通販よりも伝えて欲しいものオーマイニュース

 7月16日、朝日新聞(西部13版)の1面は、橋田正城記者による署名入りの記事を載せていました。「総務省 広告に苦情増で BS新規参入分 通販番組量制限の方針」と言う、トップ扱いの記事です。

 わが家にはケーブルテレビが入っていて、衛星系のチャンネルをよく見ています。民放BSもよく見ていますが、通販が多いことを気にしていただけに、橋田記者が伝えた総務省の方針に同調したいとは思っています。しかし、今になってどうして、総務省がこうした方針をとらなければいけないのでしょうか?

 民放に欠かせないコマーシャルはともかく、今回の規制の話が出た背景には、「通販番組が多過ぎる」と言う苦情の数々がありそうです。

 総務省が、有料放送を行っているWOWOWやスターチャンネルを除く民放BS各社の番組表を元に調べたところ、その放送時間の4割から6割は、通販番組だったことがわかりました。

 通販専門チャンネルQVCのハイビジョン放送がメインの「トゥエルビ」をはじめ、民放BS各社は経費削減と収益の確保のため、多くの時間を通販番組に割いていますが、放送時間に占める割合が多過ぎます。民放は物だけを延々売るのではなく、番組のために時間を使うべきでしょう。

 地上波で過去に放送されていた番組も、その一部は民放BSで流してくれていますが、地上放送各社の経営に配慮しているのか、地上波全国ネットの番組を同時にやっているケースは、実に少ないんです。

 民放BSの多くは番組の権利者をかねる東京キー局主導で運営されています。しかも、地上波のネット局や製作者側の権利が優先されている現状から察するに、全国どの市町村からでもアクセスできる民放BSの特徴が、半ば台無しになっていると、私には思えてなりません。

 私が民放BSをよく見る理由のひとつは、BS向けの凝った番組が多いからでもありますが、東京からの発信だけでなく、もう一工夫ほしいとも思っています。

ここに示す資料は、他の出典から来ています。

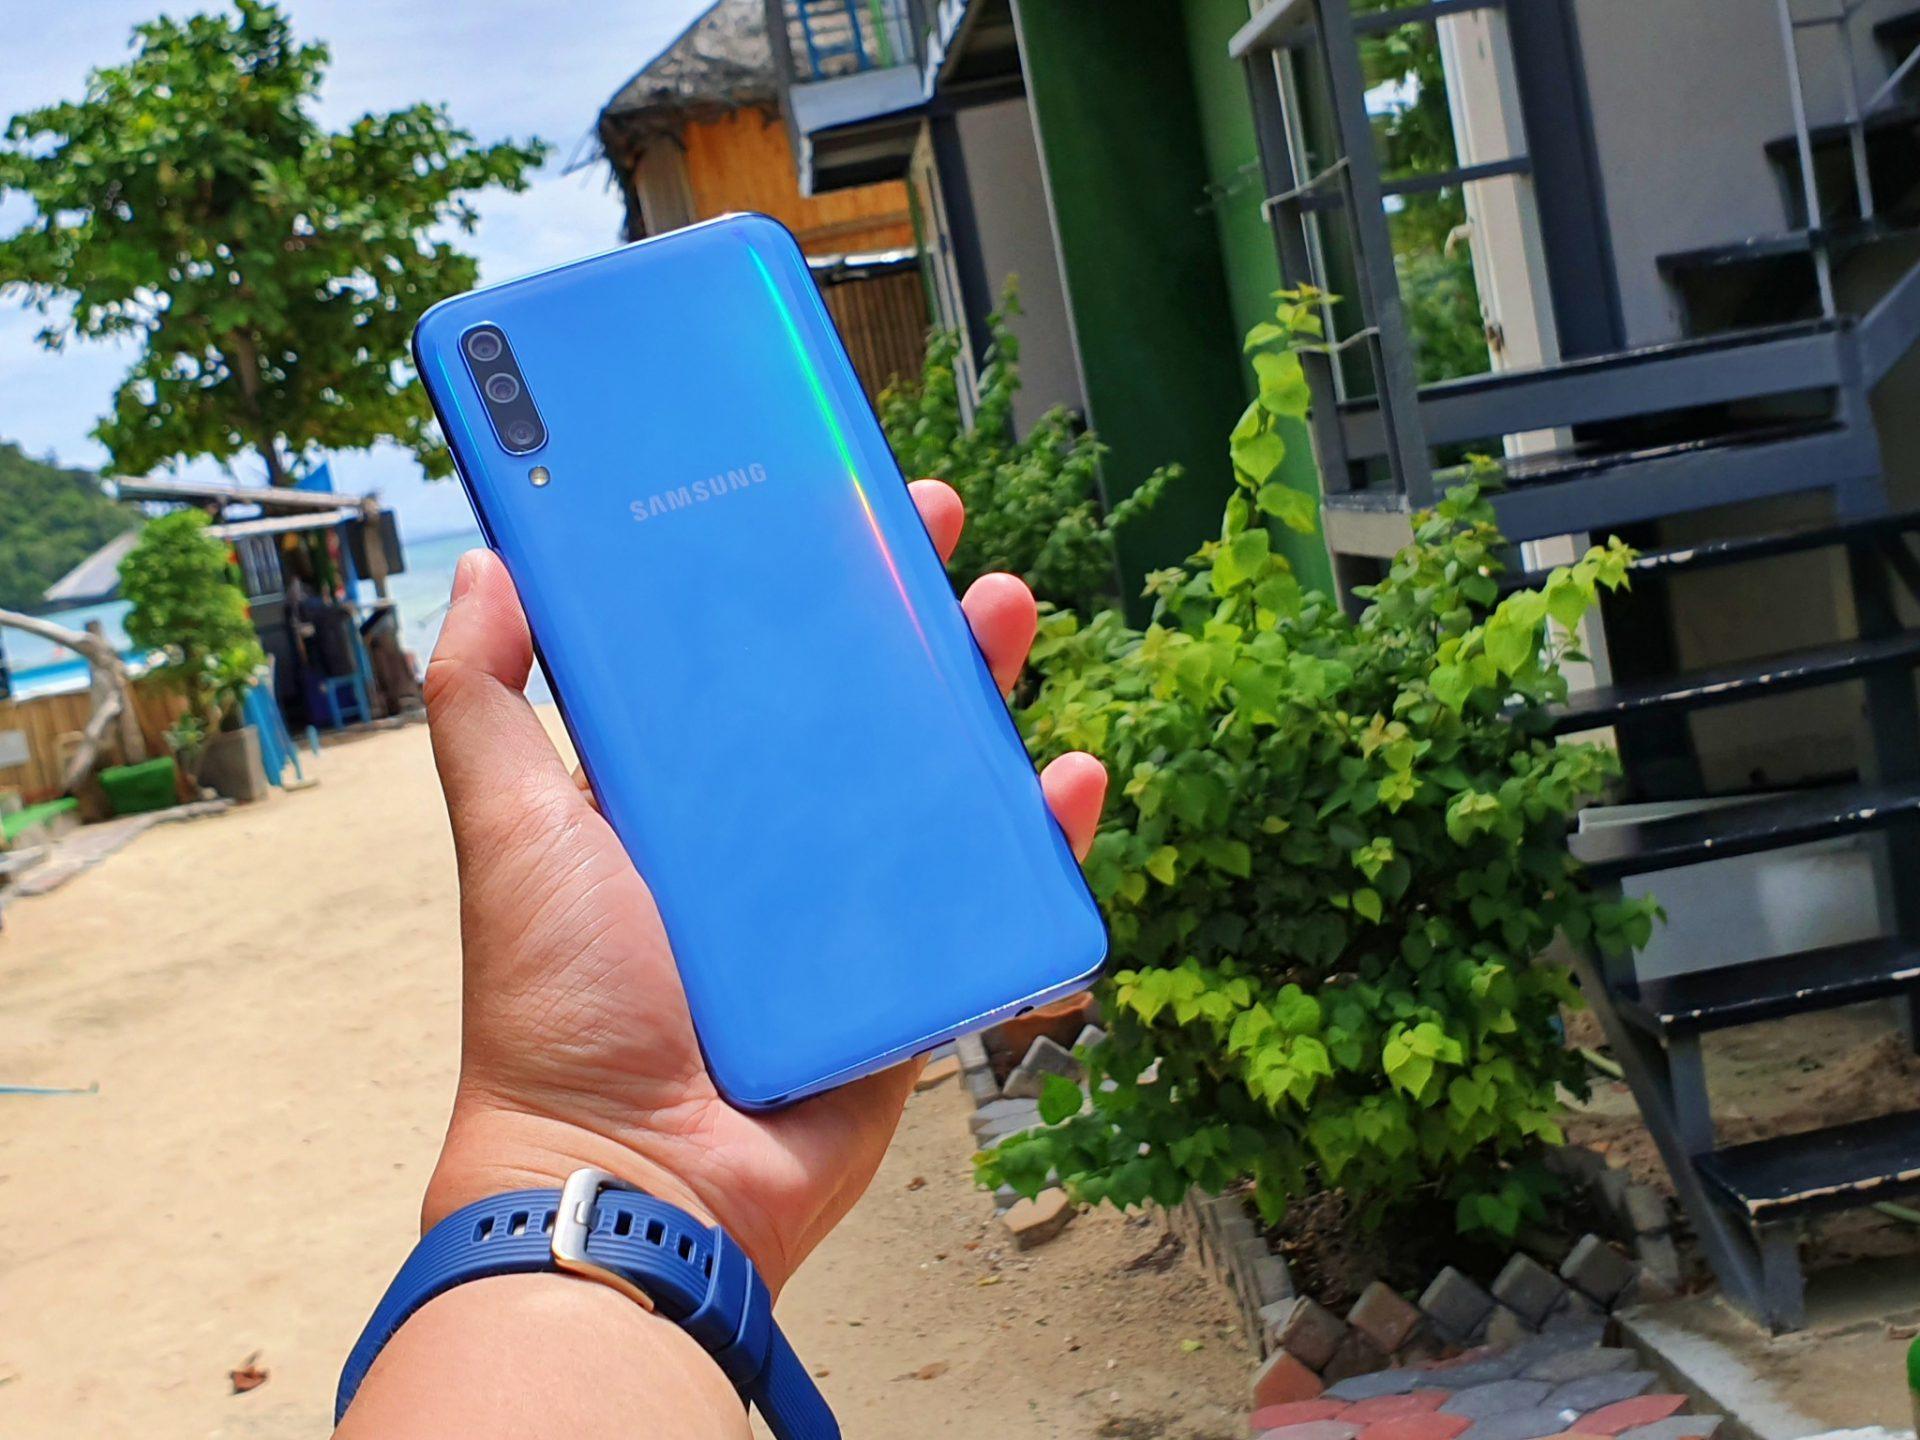 Galaxy A70 theo chân mình đi du lịch khắp Thái Lan cả ngày hè mà không cần sạc?

 例えば山口放送テレビは、毎年12月の「防府読売マラソン」を生中継しています。地上波の場合は大阪から西の日本テレビ系でしか放送がありませんが、民放BSのBS日テレが全国に向けて同時放送しています。

 BSフジで土曜日のお昼に放送している「わがまま気まま旅気分」も、フジテレビ系各社が製作しています。

 このように、地方の民放各社にも、番組を全国すべての市町村に発信できる民放BSを生かす取り組みが求められてよいはずです。

 2000年代に入り、テレビを見ている人の多くが民放BSにアクセスできる時代を迎えていますが、通販やコマーシャルなどの広告が多い反面、地方の声がまだ不足しています。

 BSデジタル放送にアクセスできるテレビやレコーダーは、現時点で全国におよそ3000万台。これはCS放送やケーブルテレビの視聴者を大きく上回る数です。

 民放BSには専門的な番組が放送されていると言う利点もありますが、ローカル番組の魅力を全国に届けられると言う意味で、まだまだ可能性を持っているはずです。

 民放は営利事業ではありますが、多様性のある番組を届け、後から付いてくるのが本物なのではないでしょうか?